[Information provided Boundary: Start]

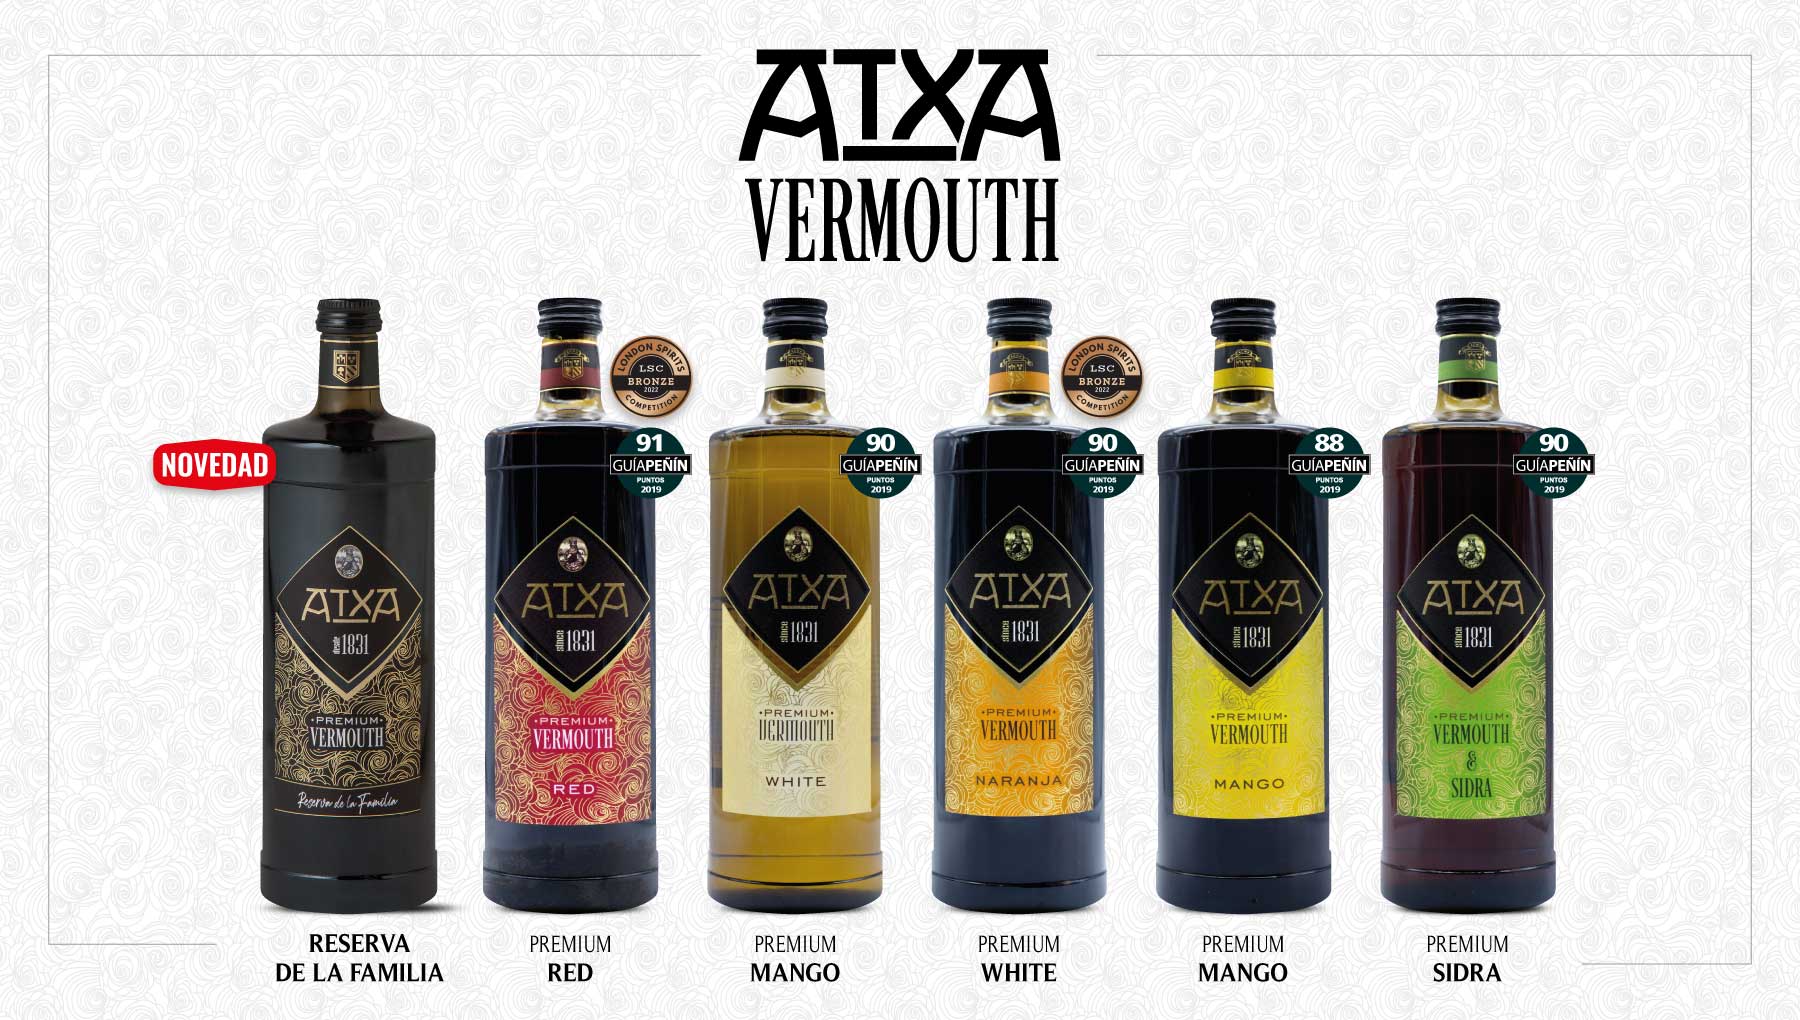 Vermouth Atxa
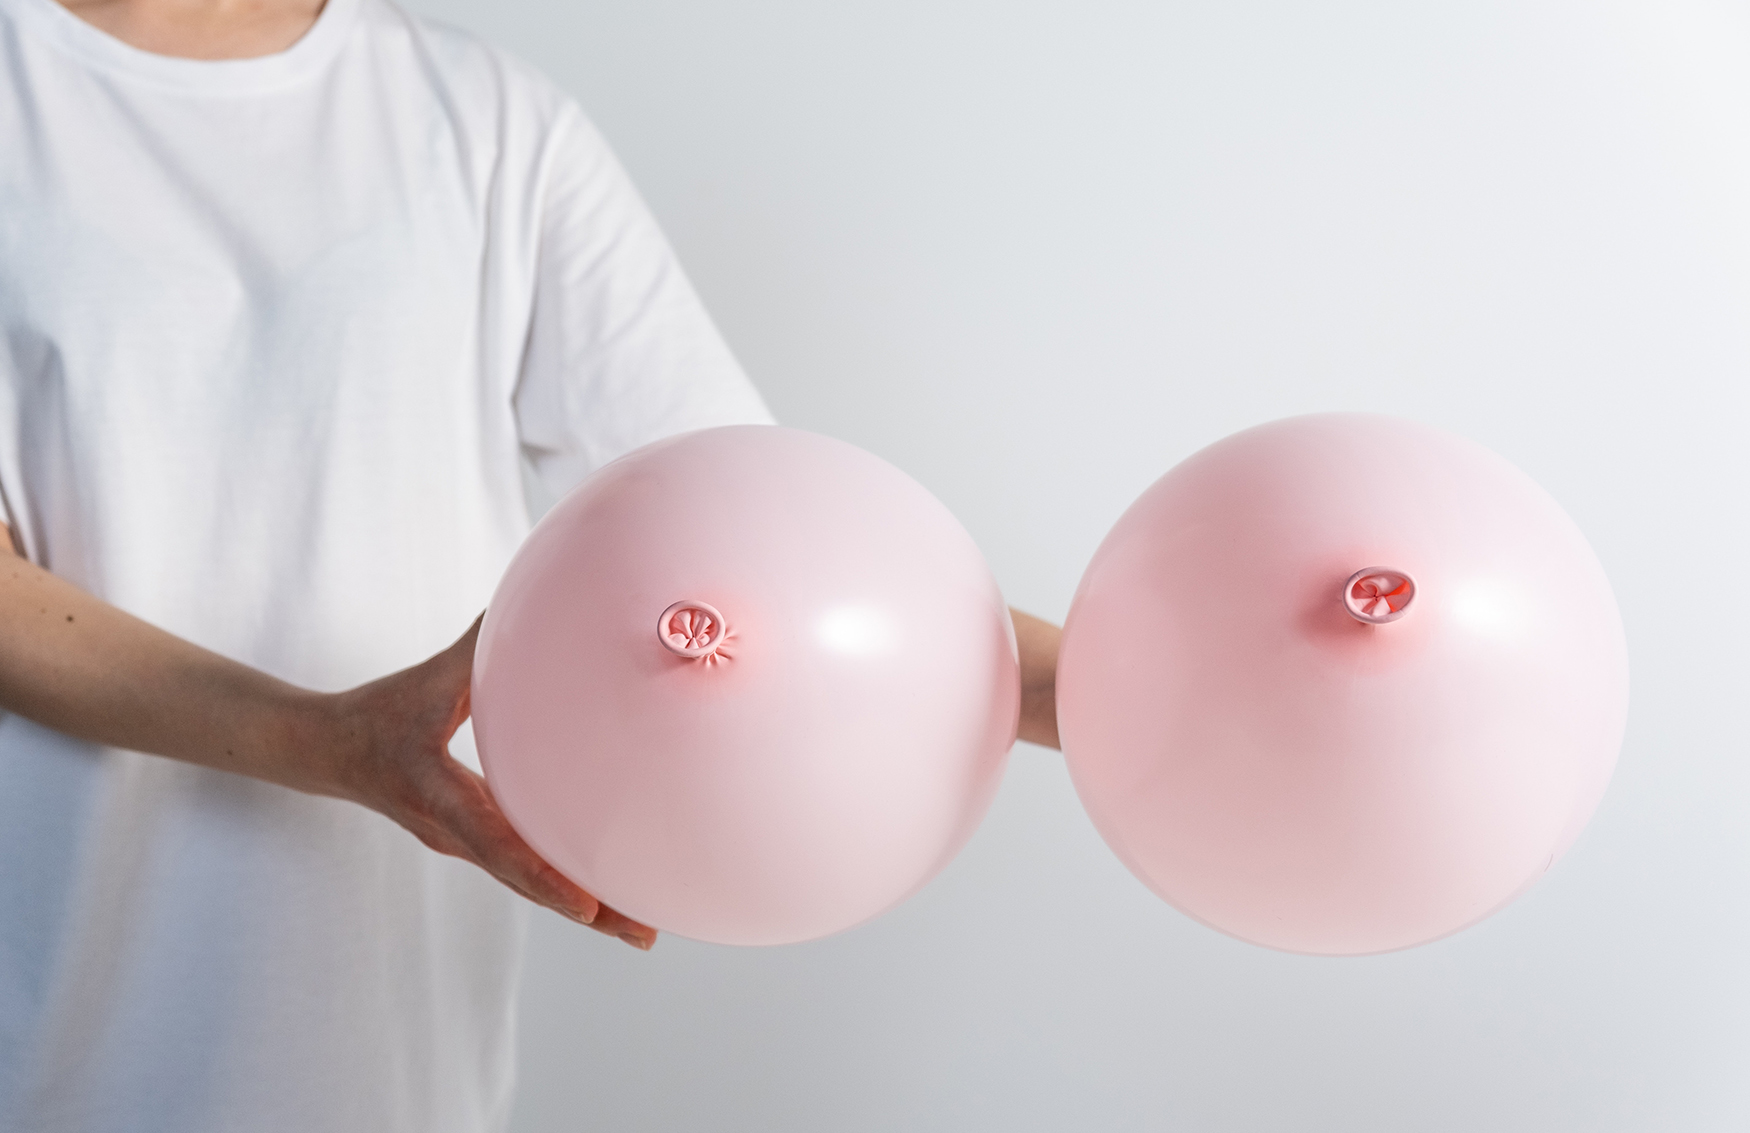 Mitos y verdad sobre el cancer de mama
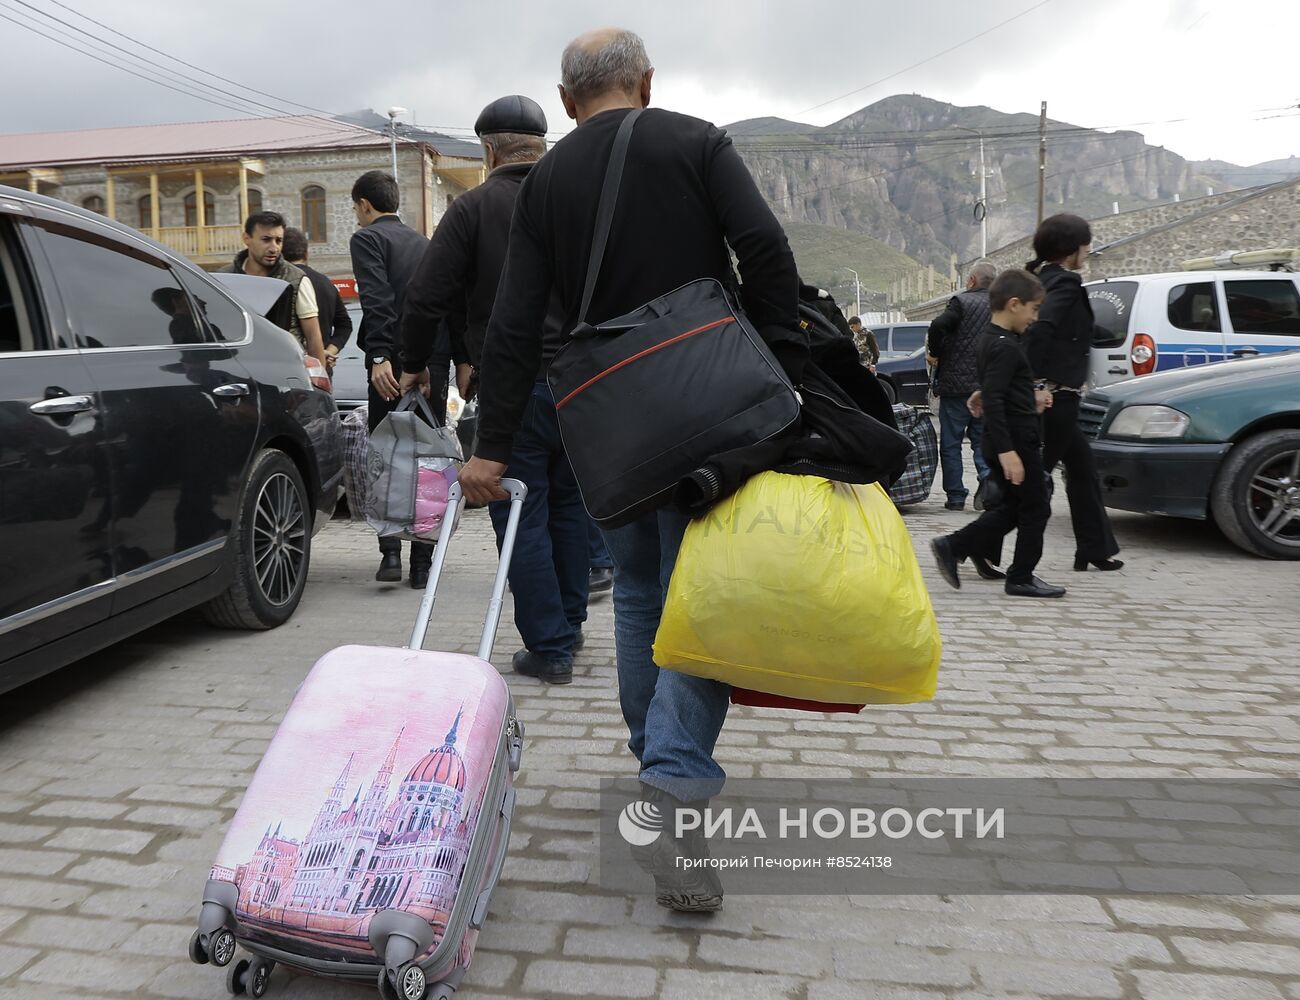 85 ألف شخص يغادرون إقليم قره باغ إلى أرمينيا

[Information provided Boundary: End]

From the line containing "Mitos y verdad sobre el cancer de mama" down to the end of the listing above, every line is to be returned exactly, though the pictures are not.

 Mitos y verdad sobre el cancer de mama
 85 ألف شخص يغادرون إقليم قره باغ إلى أرمينيا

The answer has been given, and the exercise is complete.